53- M. [N] [R] [C] ne peut donc pas utilement faire valoir que la seule mention du nom de Mme [B] [W] dans l'acte de naissance de Mme [Y] [E] suffisait, au regard de la règlementation coutumière malgache, à établir sa filiation maternelle.
54- Ainsi, il apparaît que M. [N] [R] [C] n'est pas davantage fondé à soutenir que Mme [Y] [E] a acquis la nationalité française par l'effet du mariage de Mme [B] [W] avec M. [U] [K] en application des dispositions de l'article 84 du code de la nationalité française.
55- En définitive, M. [N] [R] [C] échoue à établir la nationalité française de sa mère, Mme [Y] [E].
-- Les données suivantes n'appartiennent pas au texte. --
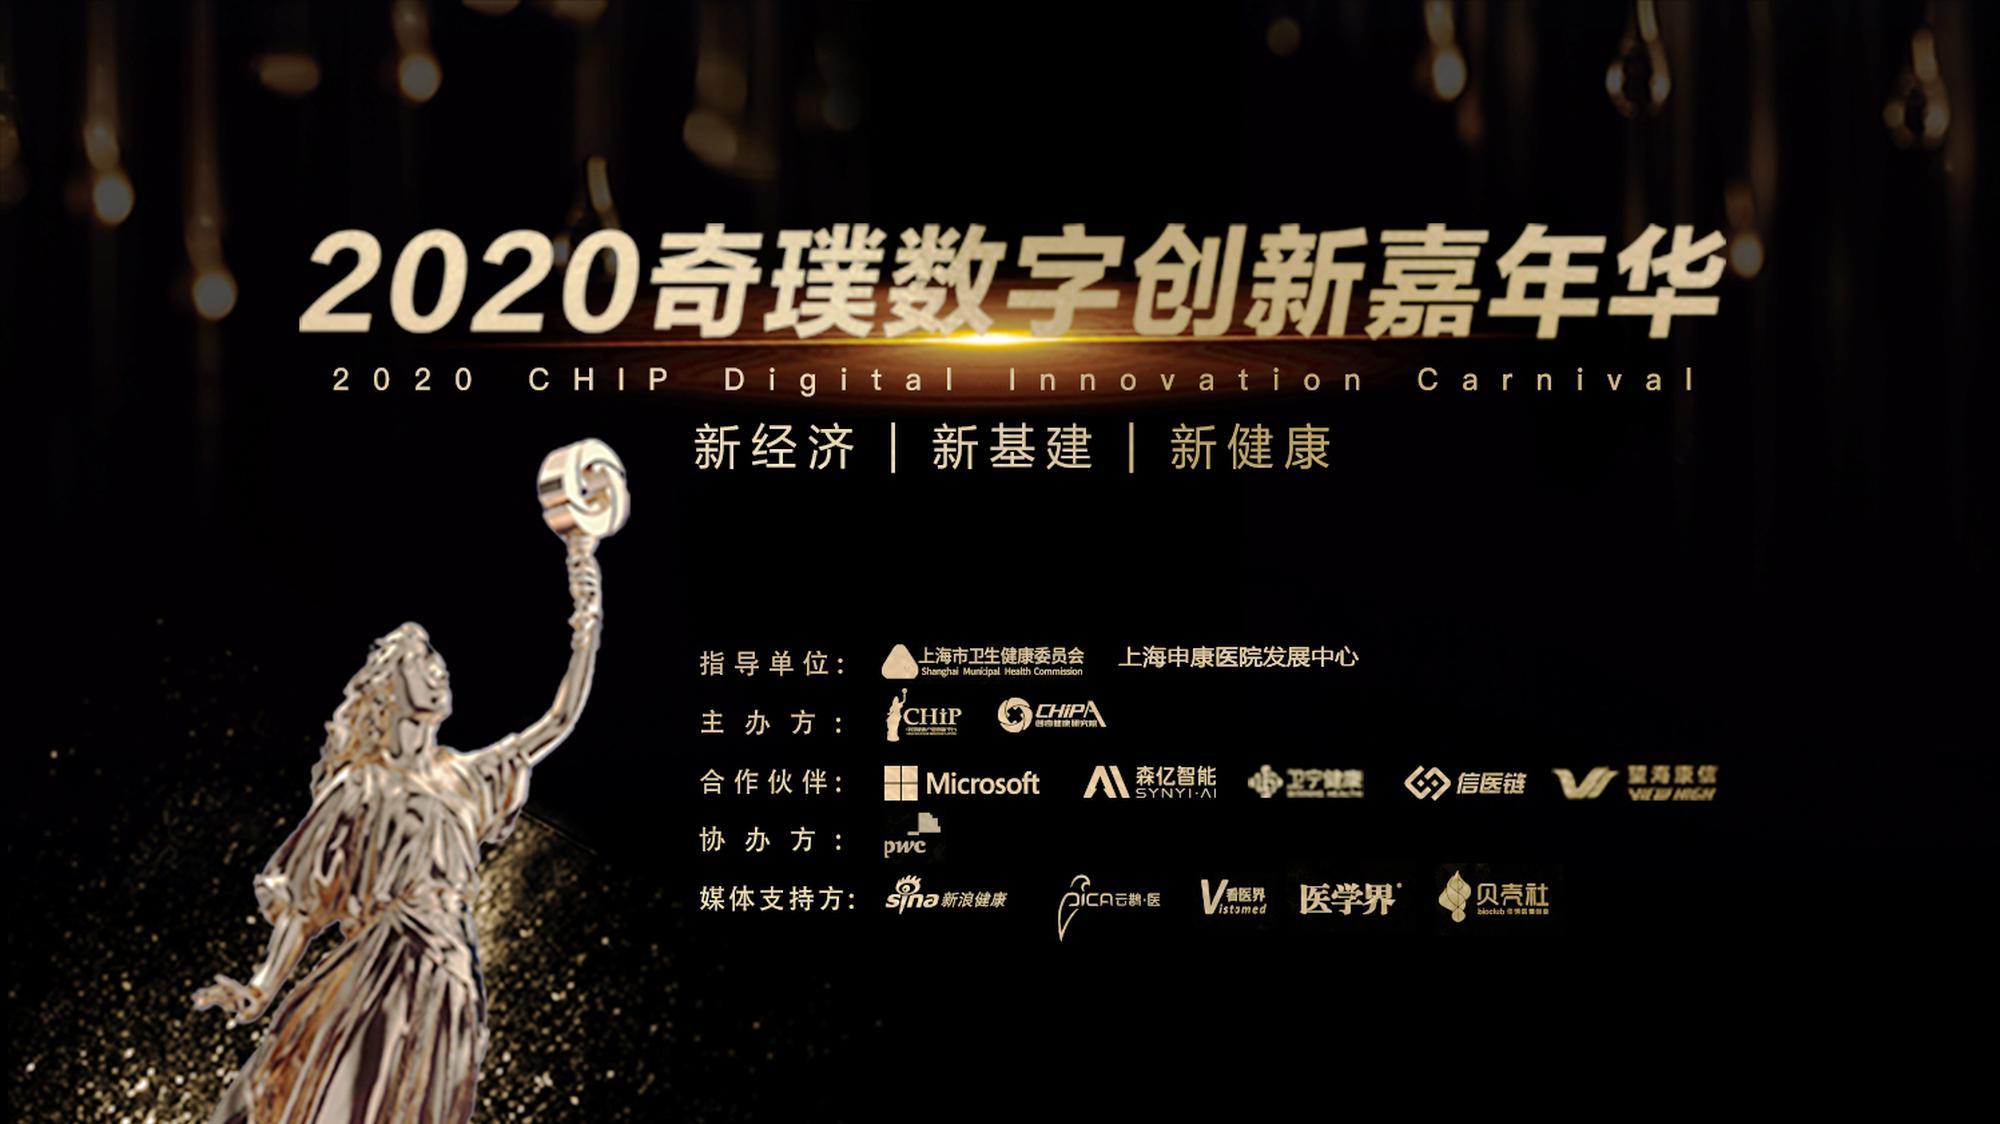 四大展台现场解锁, 2020奇璞数字创新嘉年华圆满收官!

56- Il n'est donc pas fondé à se prévaloir des dispositions de l'article 18 du code civil.
57- C'est par conséquent à bon droit que le premier juge a débouté M. [N] [R] [C] de ses demandes et constaté son extranéité.
Sur les dépens :
58- Les dépens seront à la charge de M. [N] [R] [C] , partie succombante au sens des dispositions de l'article 696 du code de procédure civile.
PAR CES MOTIFS
La cour, statuant publiquement, en matière civile et en dernier ressort, par arrêt contradictoire mis à disposition au greffe conformément à l'article 451 alinéa 2 du code de procédure civile,
Déclare recevable l'appel formé par M. [N] [R] [C] ;
Confirme en toutes ses dispositions le jugement rendu le 10 octobre 2020 par le tribunal judiciaire de Saint-Denis ;
Ordonne la mention prévue par l'article 28 du code civil ;
Condamne M. [N] [R] [C] aux dépens de l'appel.
Le présent arrêt a été signé par Monsieur Cyril OZOUX, Président de chambre, et par Mme Véronique FONTAINE, greffière à laquelle la minute de la décision a été remise par le magistrat signataire.